Все десять ее пальцев впились ногтями мне в спину.

– Я хочу по-всякому, – сказала она, вызвав настоящую дрожь в моем члене.

Я сбросил с нее шорты и трусики, загнал на кровать и заставил встать на колени.

Брей

Когда знаешь, что скоро умрешь, все коренным образом меняется. Начинаешь чувствовать себя такой, какой всегда хотела быть: бесстрашной, раскованной, плюющей на мнение общества о тебе. Тебе хочется говорить и делать то, что прежде сдерживалось твоим страхом. Тебе хочется пить и накачиваться наркотой, пока твои глаза не начнут смотреть в разные стороны. Ты готова залепить в физиономию первому попавшемуся, совершенно незнакомому человеку. Зачем? Да просто так, чтобы почувствовать себя отвязным придурком. И трахаться ты хочешь до тех пор, пока у тебя не одеревенеют ноги.

Элиас заставил меня уткнуться лицом в матрас. Я задрала ягодицы. Элиас раздвинул мне ноги. Его палец скользнул мне во влагалище. Элиас забавлялся с моим клитором, дразня меня и познавая мое лоно до тех пор, пока я от досады не закусила нижнюю губу.

– Трахни меня, – со стоном просила я. – Ну трахни. Я так больше не могу.

– Подожди.

Я почувствовала его жаркое дыхание и снова застонала. Элиас сосал мой клитор! Жестко, прикусывая и дергая его.

Я опустила руку вниз. Мне хотелось почувствовать движение его губ, но Элиас поймал мои пальцы и тоже их обсосал. Потом он заломил мне обе руки и прижал к спине.

– Замри, – потребовал он.

Он еще шире раздвинул мне ноги и продолжил пир в моем влагалище. Я стонала и скулила. Я хотела увидеть, как он лижет меня, но в такой позе видела лишь собственную задницу и ноги Элиаса, согнутые в коленях. Он лизал меня торопливо, с каким-то неистовством, дергая мои ягодицы на себя. Потом он снова принялся сосать мой клитор. Это была настоящая пытка, которую я уже не выдерживала.

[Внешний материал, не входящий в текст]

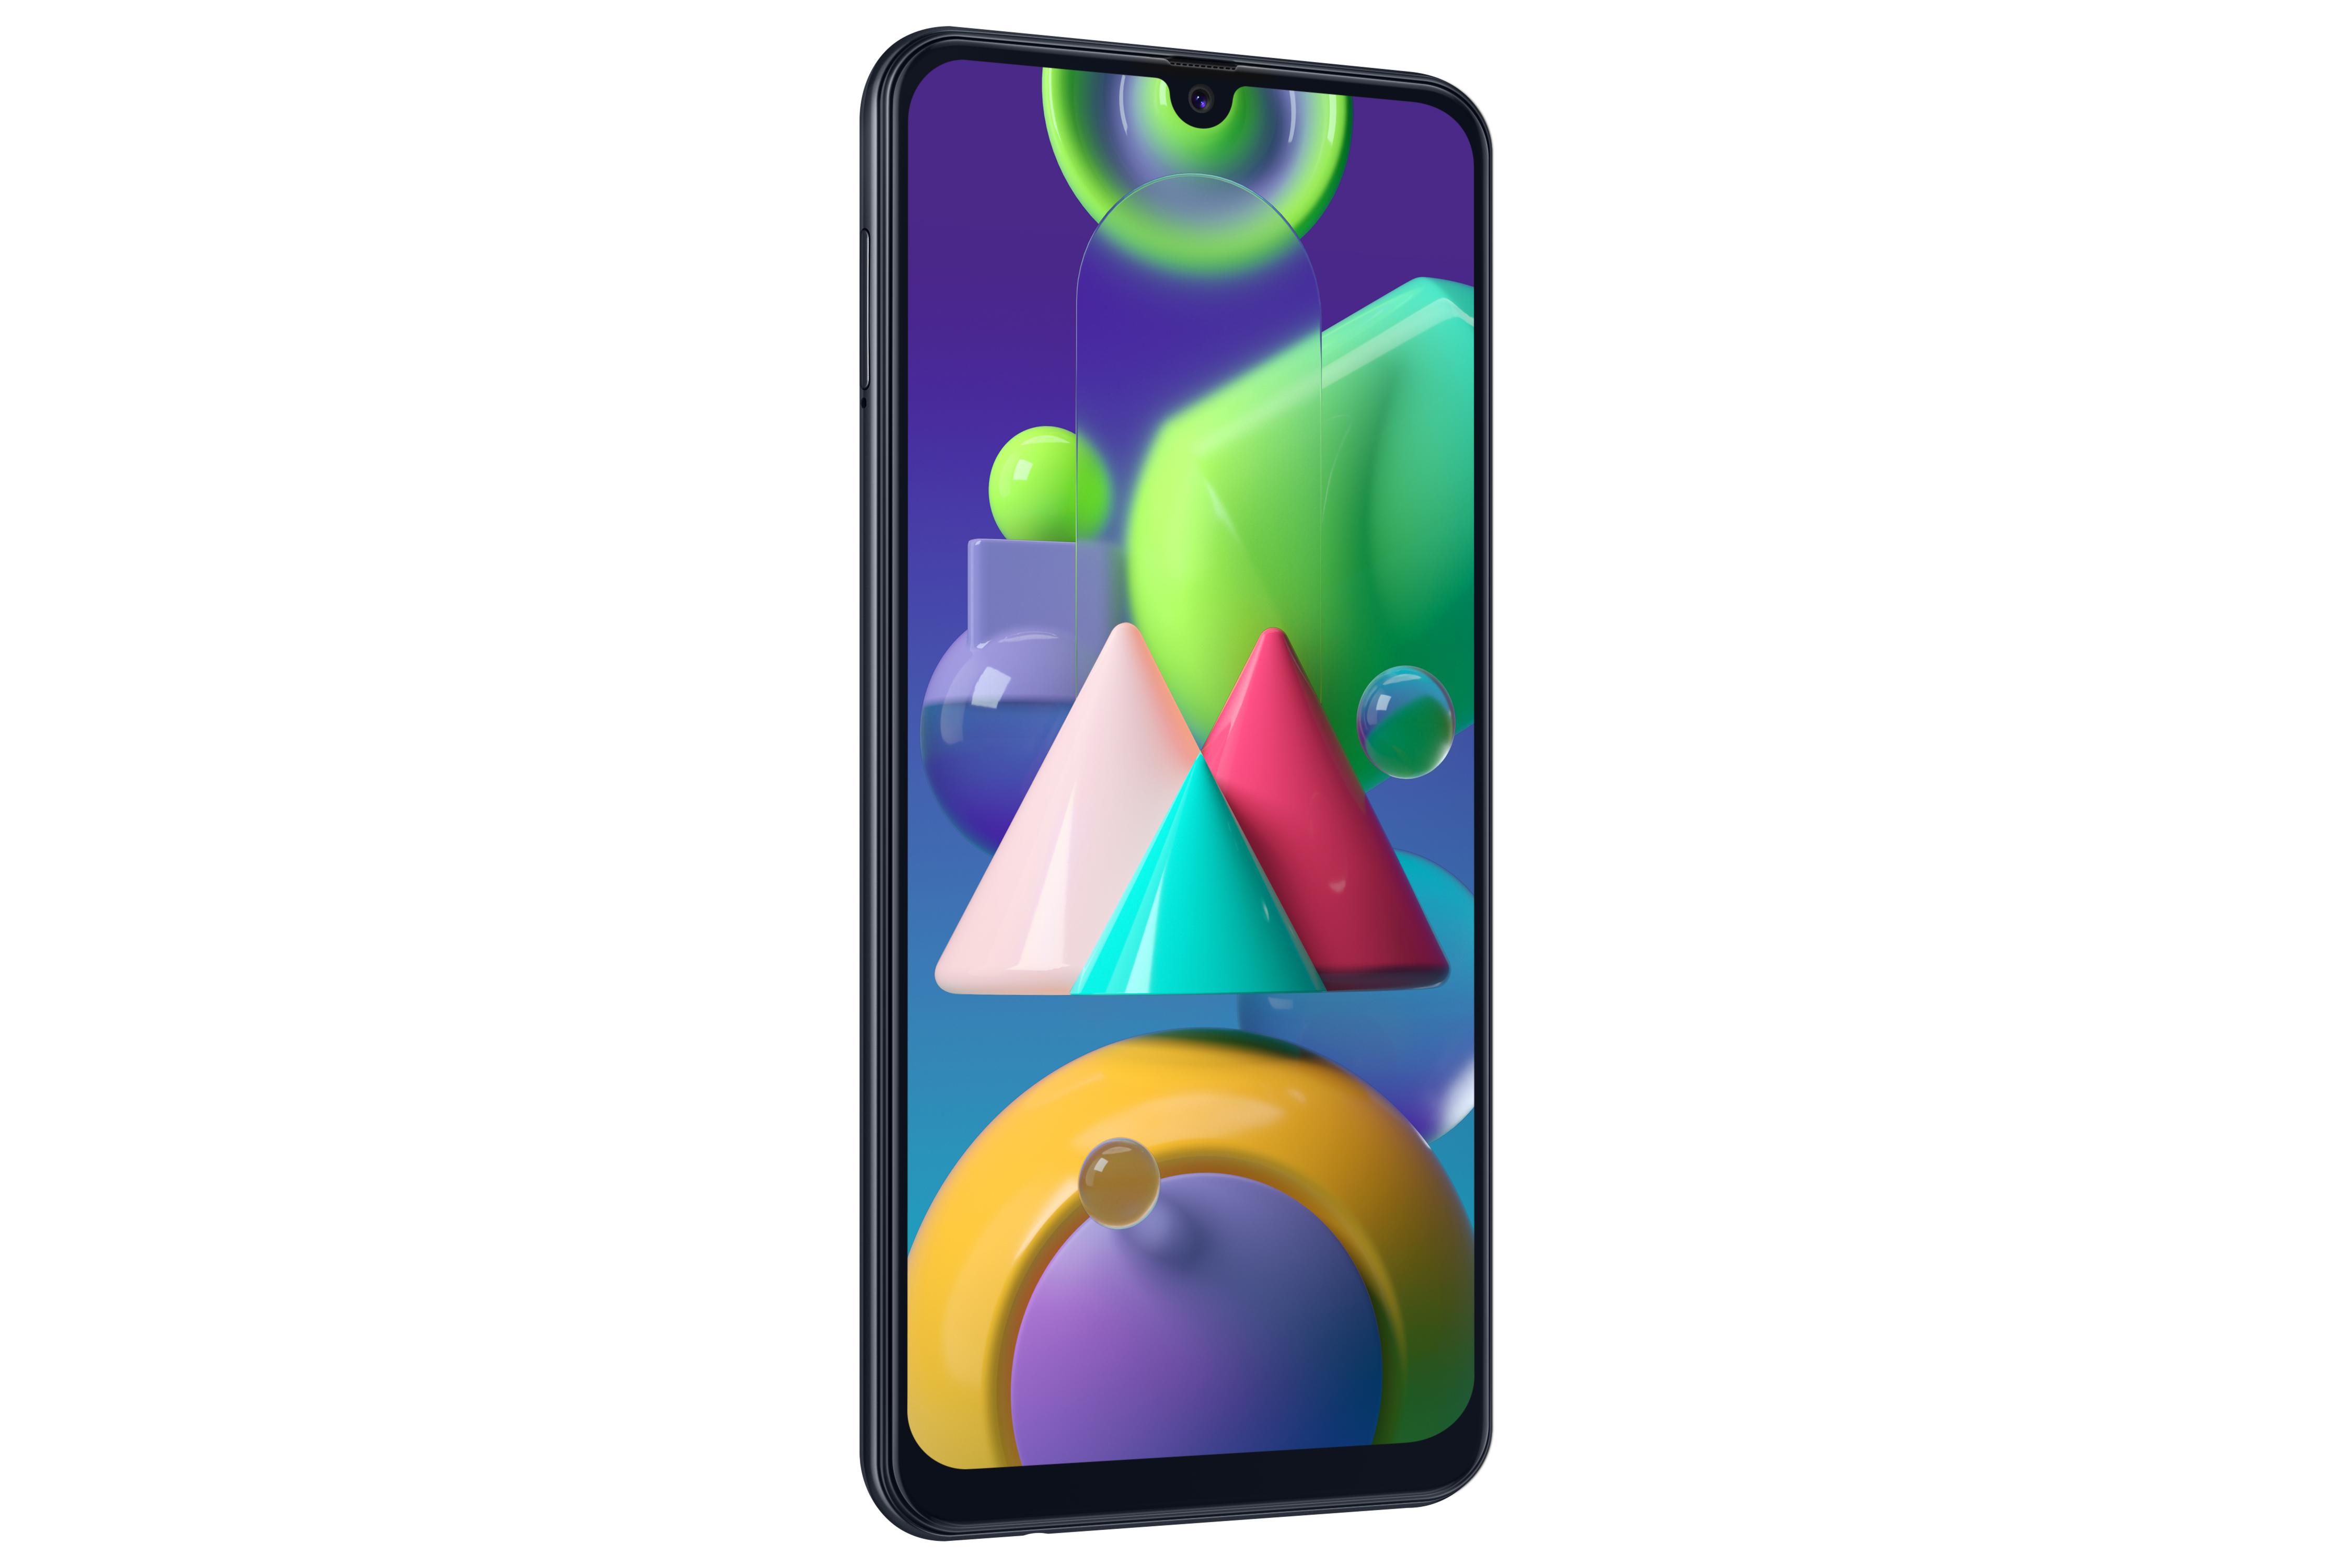 Galaxy M21: Neues Samsung-Smartphone mit Riesenakku kostet 220 Euro - Im Inneren arbeitet ein Exynos-Mittelklasse-SoC. (Bild: Samsung)

– Только не останавливайся, – умоляла я.

Он еще раз лизнул бусинку моего клитора, второй рукой разведя мне ноги. Потом Элиас освободил мои руки, и я вцепилась в простыни. Элиас лизал мне клитор, одновременно двигая пальцами по влагалищу. Я уже начинала извиваться.

– Мучитель!

Я закрыла глаза. Его пальцы внутри моего влагалища согнулись. Он лишил меня возможности двигаться, а сам продолжал пировать в одиночку. Я чувствовала, как деревенеет мое тело. Оргазм был совсем близко.

– Я сейчас кончу, – хрипло произнесла я, хватая воздух ртом. – Только не останавливайся.

Он остановился.

– Элиас! Я же просила не останавливаться!

Мне хотелось плакать. Нет, я уже плакала. Все мое тело было открыто для него. Все мое тело жаждало его, умоляло, чтобы он оказался во мне. Но мне до жути был нужен этот оргазм. И как можно быстрее.

Я не успела заметить, когда он выдернул пальцы и втолкнул свой член. Я комкала простыни. Мое воспаленное горло ловило воздух. Легкие тоже горели. По лицу безостановочно текли слезы. Слезы душевной боли. Гнева. Вины. Я хотела вытолкнуть все это из себя. Вместо того чтобы царапать себе ногтями запястья, я хотела, чтобы Элиас «вытрахнул» из меня всю скопившуюся тьму. Кровать скрипела и стукалась о стену. Пальцы Элиаса впились в мои ягодицы, а он толкал и толкал в меня член.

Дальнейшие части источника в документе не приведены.